KNIGHT – Hi, old and new generations! (approaching Maria). Hi, my love! I’ve missed you so much…
MARIA (pretentiously indifferent) – Hi…
KNIGHT – Won’t you say you’ve missed me, too?
MARTIN – She won’t say. She’s like her mum.
SONA (looks angrily at her husband) – Please… (walks out)
GRANDPA – Tell him you’ve missed him, my dear. What is wrong with it?
MARIA (looking at Knight) – What about the magic word?
KNIGHT – Ah, yeah! Nearly forgot. Here is your dark chocolate.
MARIA (delightfully) – Hurray! Now I’ll tell you, that I’ve a bit missed you.
KNIGHT – A bit… It already means a lot…
MARTIN – Bonaparte used to say that the way to the woman’s heart goes through her stomach.
MARIA – Dad, don’t decompose the words. Still ancient times it’s been known that gluttonous are the men. I just like chocolate (breaks a piece and puts into her mouth). As well as flowers, sun and that actor…

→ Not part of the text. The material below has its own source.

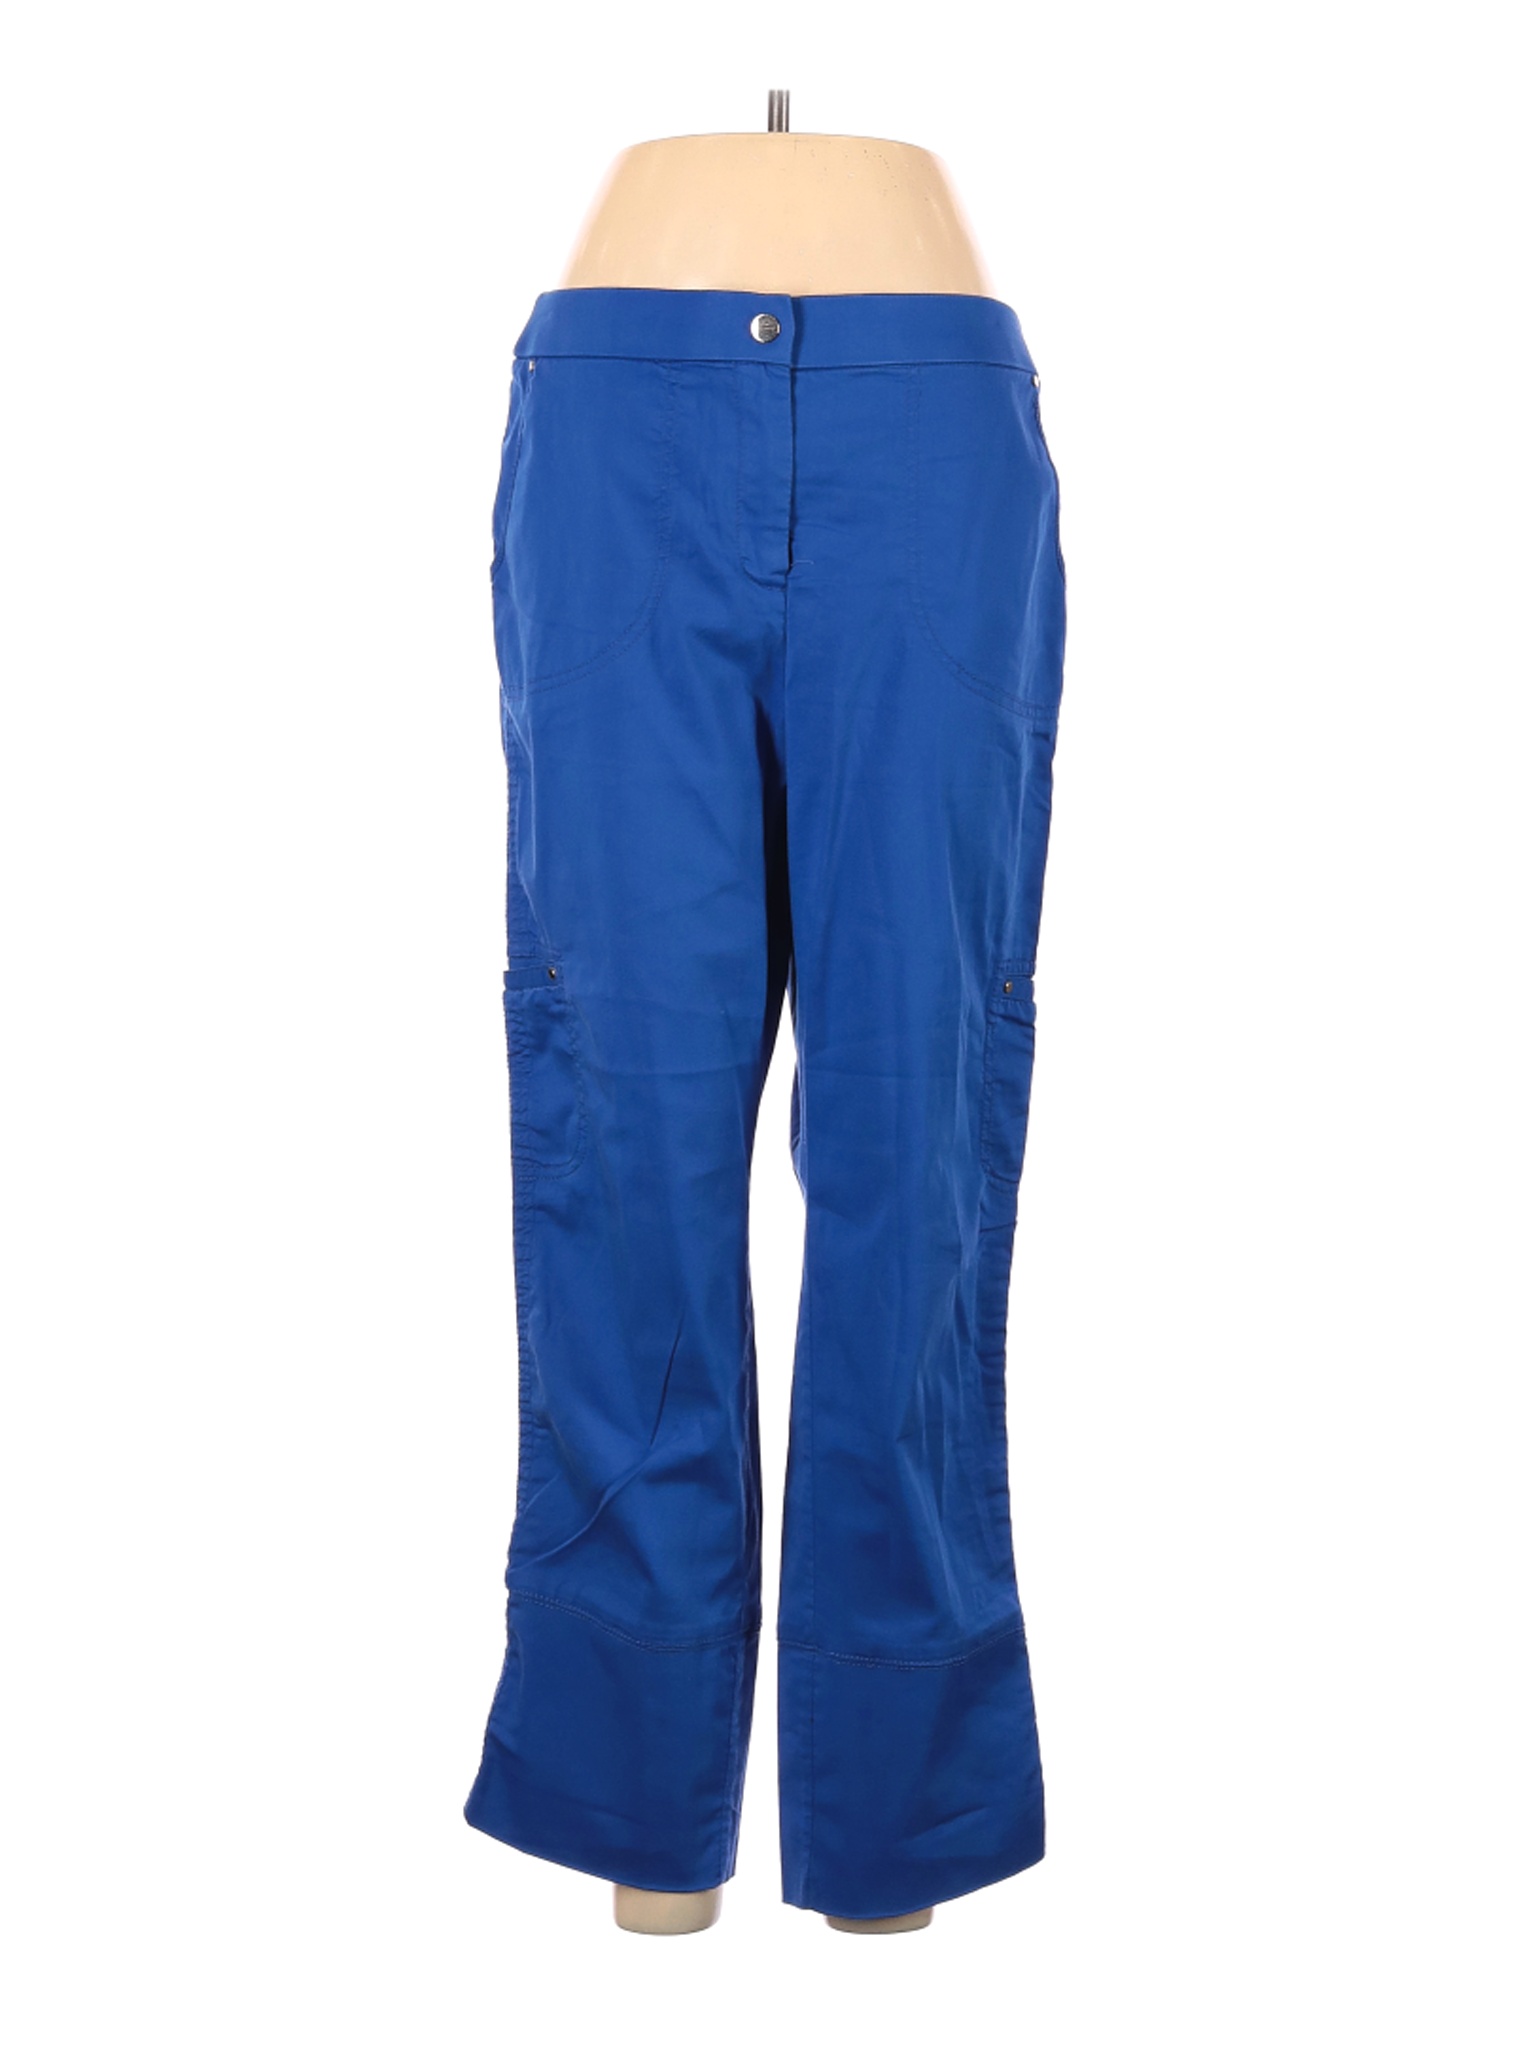 Chico's Women Blue Cargo Pants M | eBay

KNIGHT (furiously) – Which actor? Is it something new?
MARIA – Well…
Sona enters and brings coffee for everyone. Then she sits by her husband.

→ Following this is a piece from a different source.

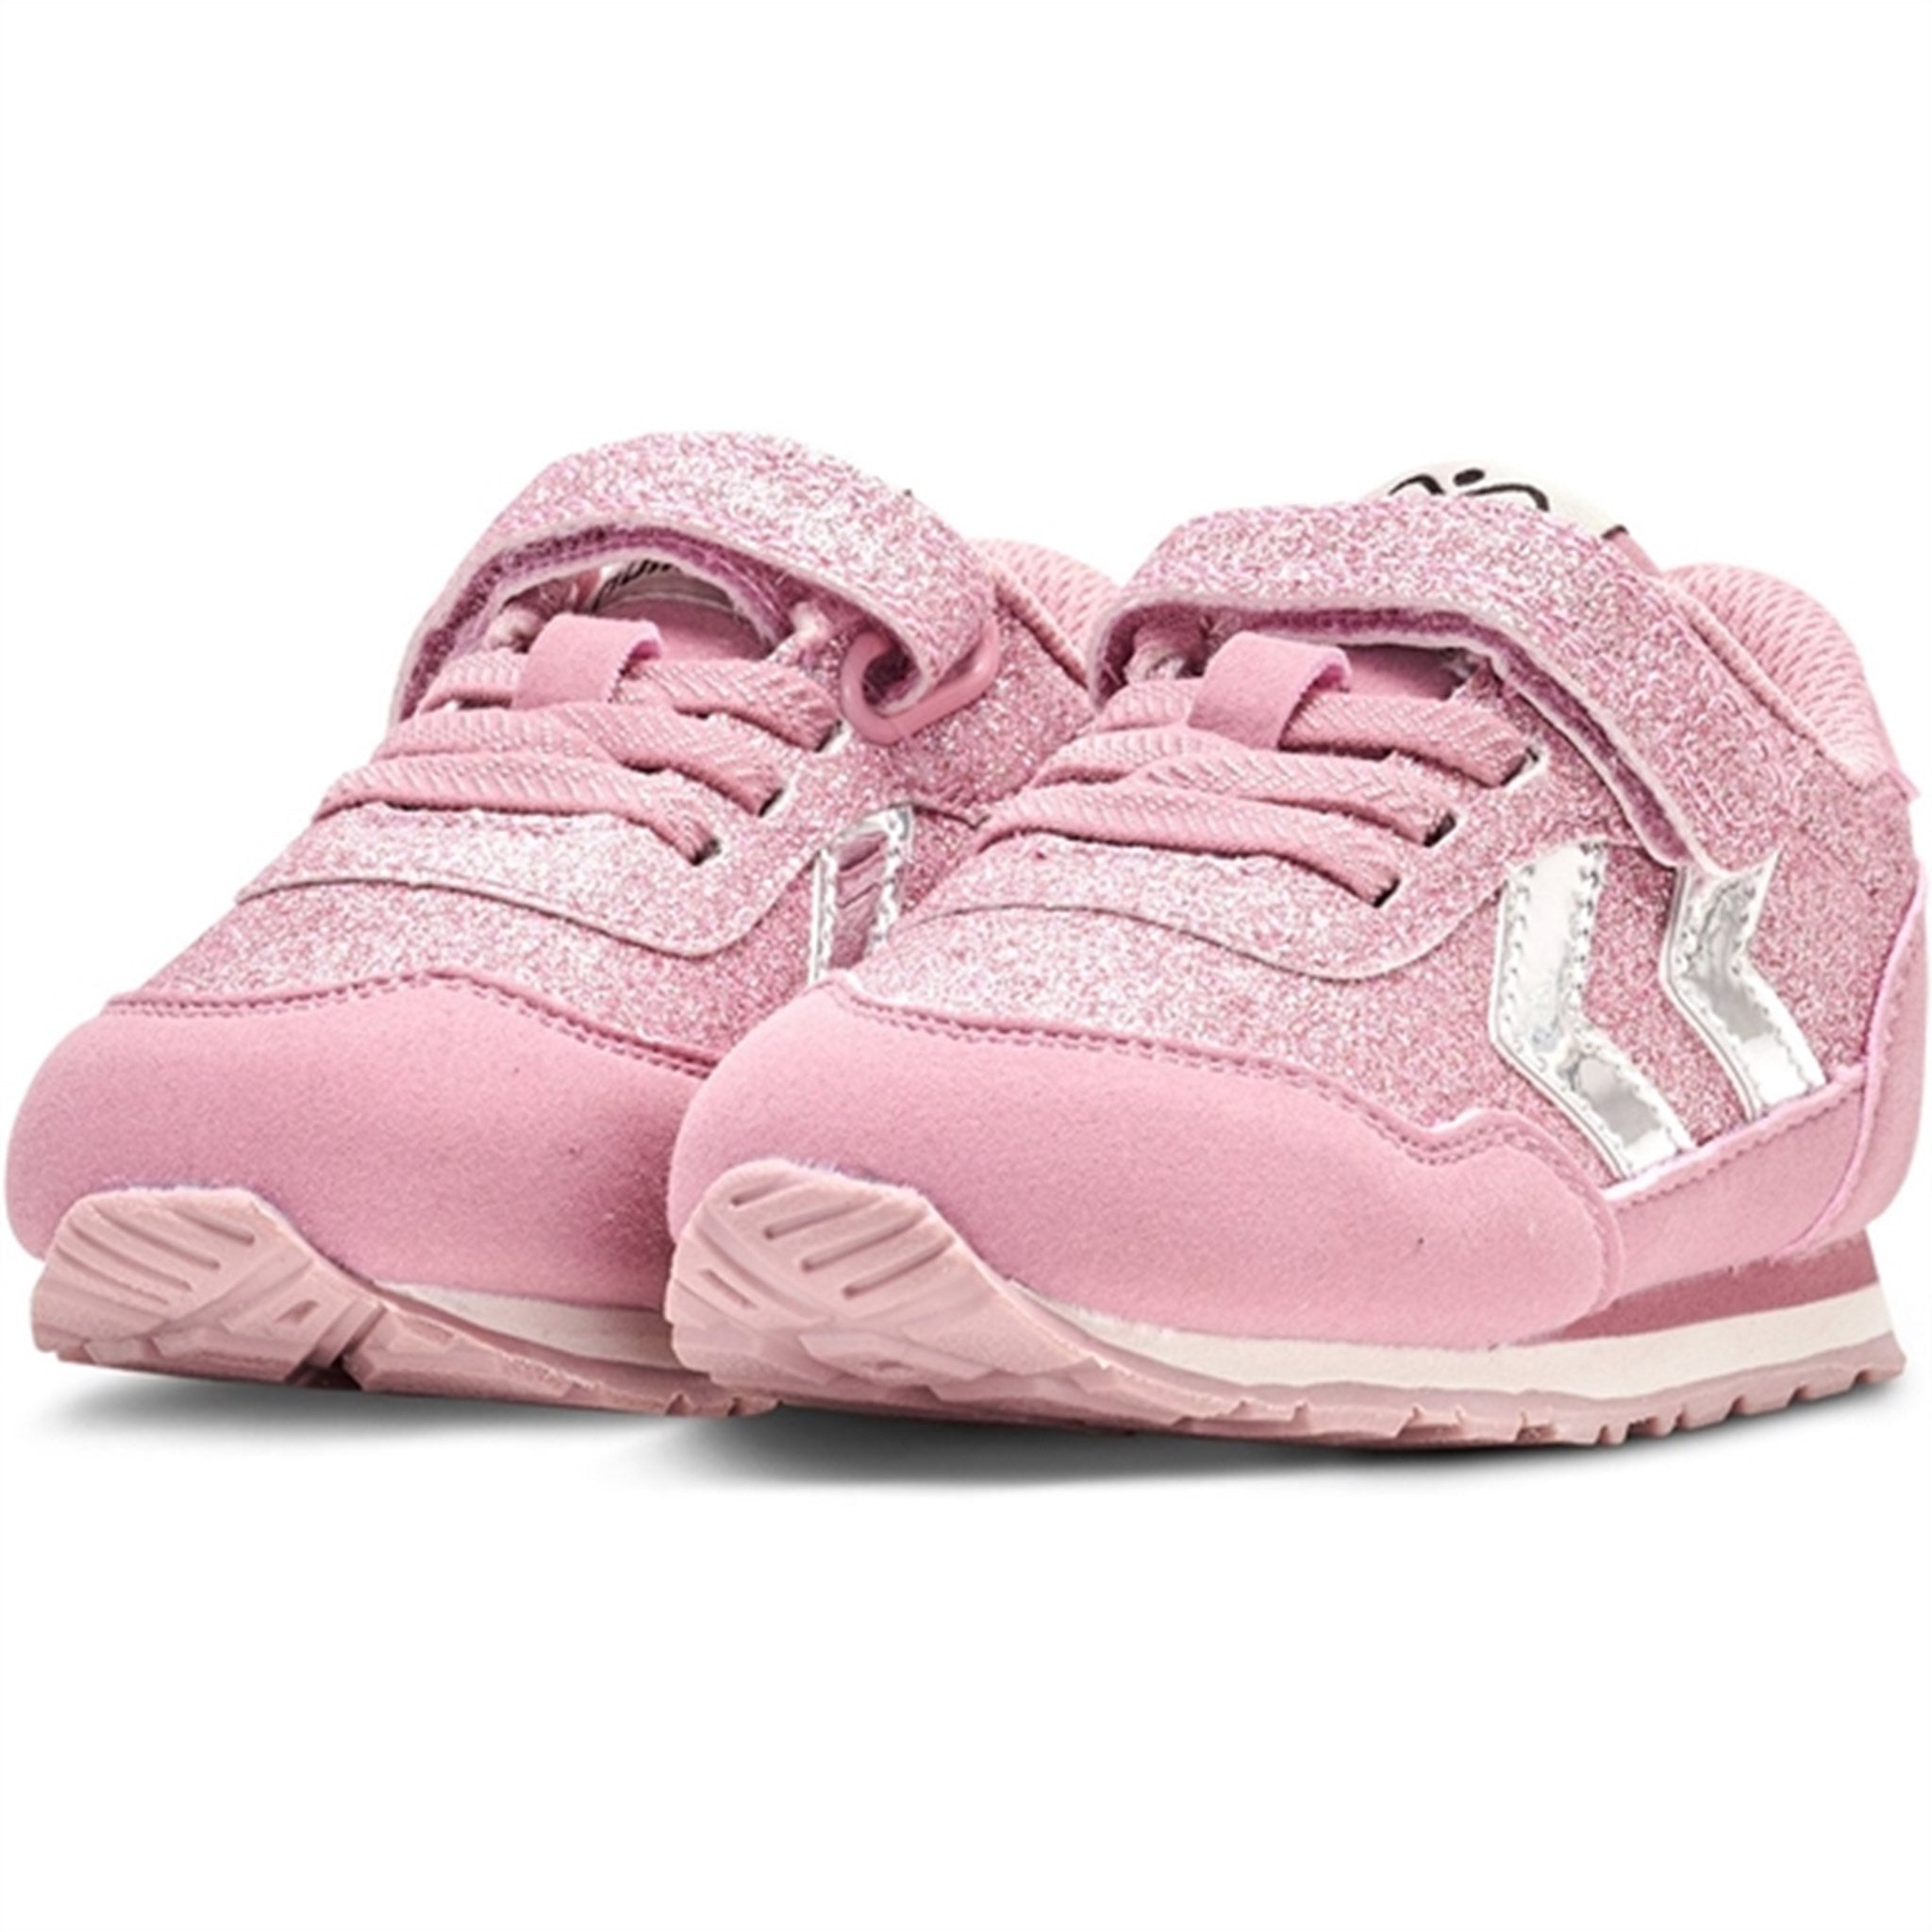 Hummel Reflex Glitter Infant Sneakers Zephyr 7

SONA – Maria, don’t play with Knight’s heart. Let’s have a coffee.
GRANDPA – Better say, that you’ve missed him.
MARIA – Won’t say. He isn’t shaved today (pretentiously dreaming). But that actor…
KNIGHT (insultingly) – Don’t say a single word! I’ll talk to grandpa. How are you? GRANDPA – I’m well, my boy. Today is a memorable day. Can you see the flowers? (looking at the flowers on the wall).
KNIGHT (sipping from his coffee). What a good coffee! Yeah, yeah remember. Maria’s told me.
MARIA (dreamingly) – Washing, ficus bush, pretentious jealousy, coffee… You’ve shut yourself in this small world and don’t want to dream a bit… No romance at all…
MARTIN (sniggering and still looking at the newspaper). – Romance… I like that word.
MARIA – It isn’t just a word. There’re so many things in it – flowers, sun, love, chocolate and again flowers… And you even don’t think what’s there beyond that wall.
SONA – What can be there? The neighbor’s washing, grandpa, an idle husband and another lazy and fat cat, ficus bush… And a hopeless woman.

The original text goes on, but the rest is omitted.